Sunday, January 3, 2016
Today I am grateful for things I should no longer say. I remember back in the day, when my kids were young and we were going someplace and needed to remember to bring certain things along. They would say, “Better write it down, mom.” But I’d say, “I don’t have to write it down.” I have a list. In my head.
Now I don’t have much in my head. . .or maybe too much. . .because unless I have a written list I’m lost. Actually I have to write down every single thing. I have to list everything I’m serving when I host an event. Otherwise I will wind up with three pounds of chicken salad and four dozen cookies, neither of which I need.
I have note paper everywhere. Sometimes I have a grocery list started in four different places before I gather them up for the master list. It’s complicated. It’s crazy. It’s necessary.
Not only do I walk into a room and not have one clue why I’m there or what I came in there for. . . I get distracted. . . “oh look how pretty the light is bouncing off the lampshade”. . .what? Oh yeah. I forget what I came in the room for. Or that I have a room. Then two days later, as I’m falling asleep, I remember just enough to keep me awake.
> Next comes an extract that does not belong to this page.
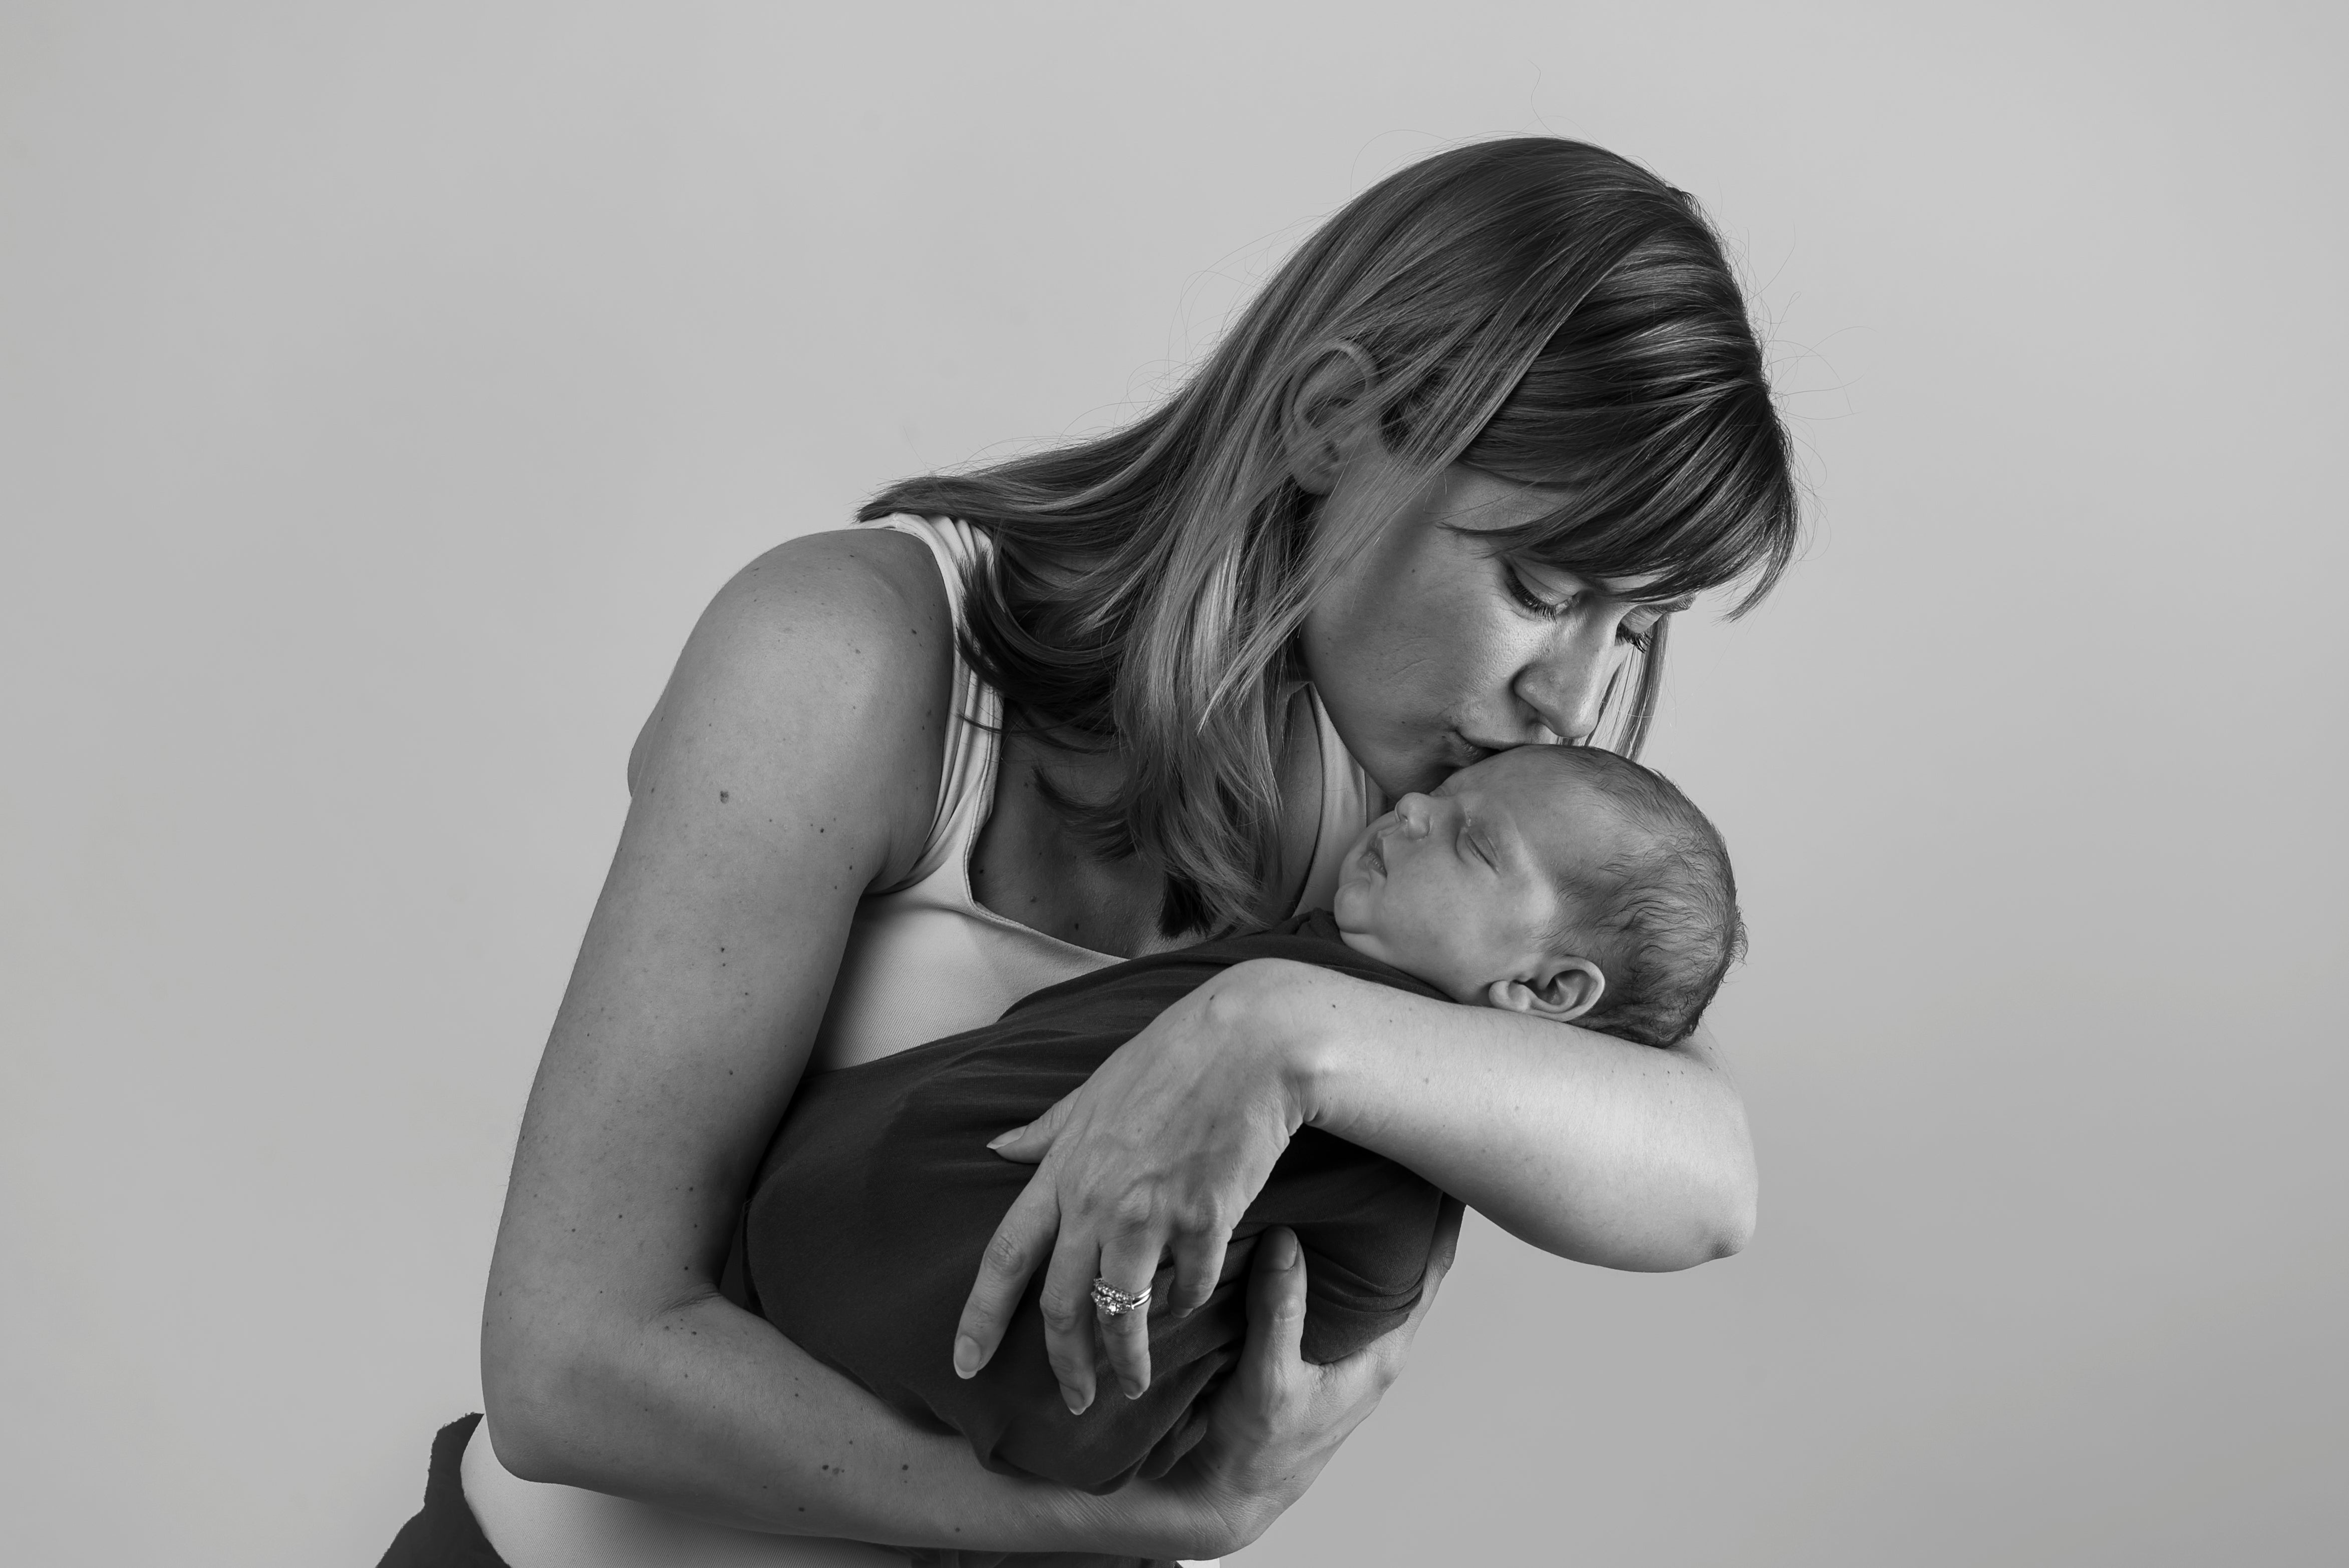 Birth and postpartum journey of Elodie
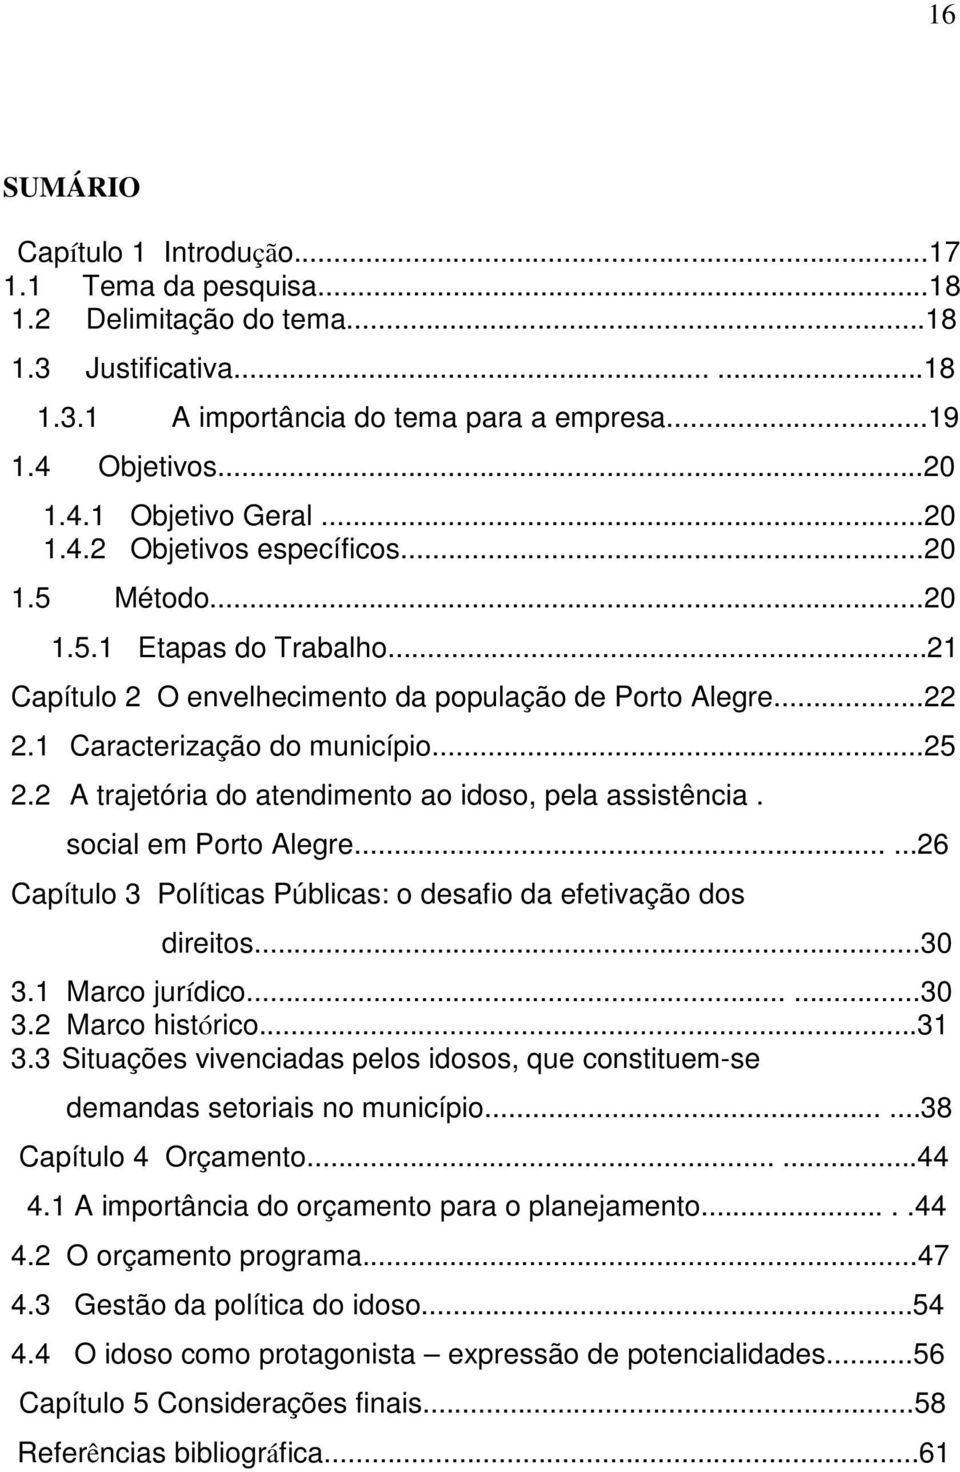 2 A trajetória do atendimento ao idoso, pela assistência. social em Porto Alegre......26 Capítulo 3 Políticas Públicas: o desafio da efetivação dos direitos...30 3.1 Marco jurídico......30 3.2 Marco histórico.

We’re getting ready for another road trip to Wisconsin for the wedding of my niece. It’s cold. Himself will need to visit every rest stop. Another thing I used to say is, “I’m good. I don’t need to go.” Not anymore. These days I never pass a bathroom with taking advantage of the opportunity.
When I first thought about writing on this subject I had a bunch of things that I should no longer say, like, “I don’t have to write it down.” Or “No, I don’t need to pee.” But I forgot them already. I shoulda made a list! Butter. . . milk. . . yogurt. . .oh wait. What?